Ледовый барьер - Престон Дуглас - Страница 49
- Предыдущая
- 49/105
- Следующая
— Пока что измерить его массу несколько затруднительно, — сказал Глинн. — Но всё указывает на то, что метеорит всё же весит по меньшей мере десять тысяч тонн.
МакФарлэйн внезапно забыл о своём разочаровании.
— Но это значит, что его плотность…
— Боже, как минимум, семьдесят пять![14] — Сказала Амира.
Глинн поднял брови.
— И что это означает?
— Самые тяжёлые из известных элементов — осмий и иридий, — сказала Амира. — Их плотность — около двадцати двух. Обладая плотностью в семьдесят пять, этот метеорит в три раза, даже больше, плотнее любого известного на Земле элемента.

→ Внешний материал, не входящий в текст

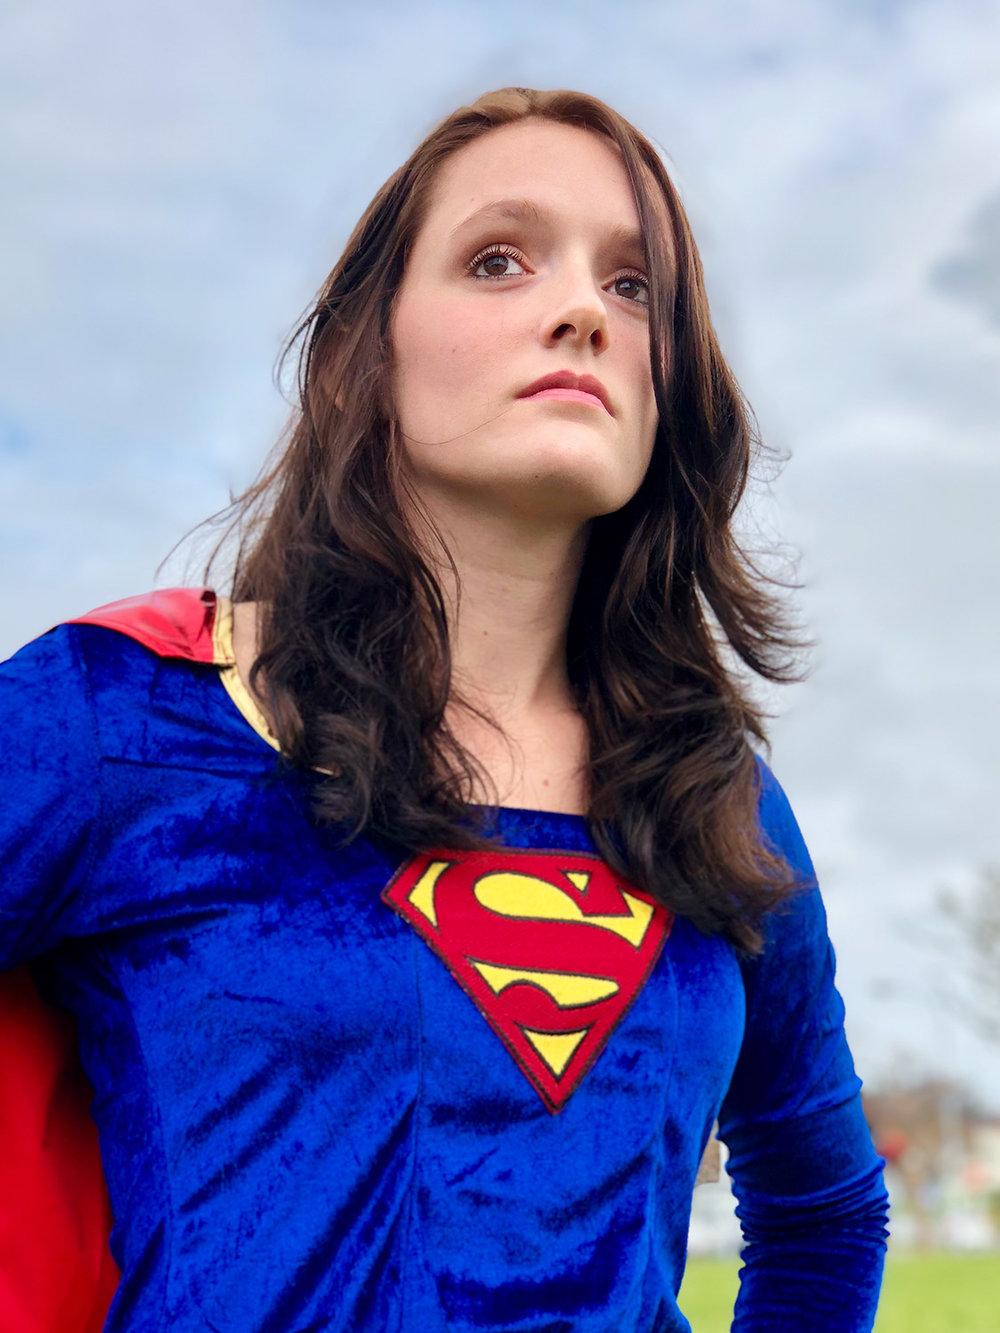 Supergirl #ShotOniPhone #ShotOniPhoneX using portrait mode.

— Вот вам и доказательство, — пробормотал МакФарлэйн.
Он чувствовал, как колотится сердце.
— Прошу прощения? — сказал Глинн.
У МакФарлэйна словно гора свалилась с плеч. Он посмотрел Глинну в лицо.
— Теперь в этом нет никаких сомнений. Он межзвёздный.
Глинн остался непроницаем.
— Никоим образом ничто настолько плотное не могло возникнуть в Солнечной системе. Метеорит обязан явиться издалека. Из той области пространства, которое очень сильно отличается от нашего. Из области гиперновой.
Наступила долгая тишина. МакФарлэйн слышал, как перекрикиваются рабочие в далёких туннелях, слышал приглушённые звуки отбойных молотков и сварки. Наконец, Глинн прокашлялся.
— Доктор МакФарлэйн, — тихо начал он. — Сэм. Простите, если вам покажется, что я ставлю ваши слова под сомнение. Поймите, что сейчас мы работаем вне рамок какой-либо мыслимой модели. Нет прецедента, который бы указал нам путь. Я понимаю, что у вас не было достаточного времени для исследований. Но окошко наших возможностей уже готово захлопнуться. Мне требуется ваше лучшее суждение — и как учёного, и как человека — безопасен ли он в той мере, чтобы продолжать операцию, или мы должны её свернуть и отправиться по домам?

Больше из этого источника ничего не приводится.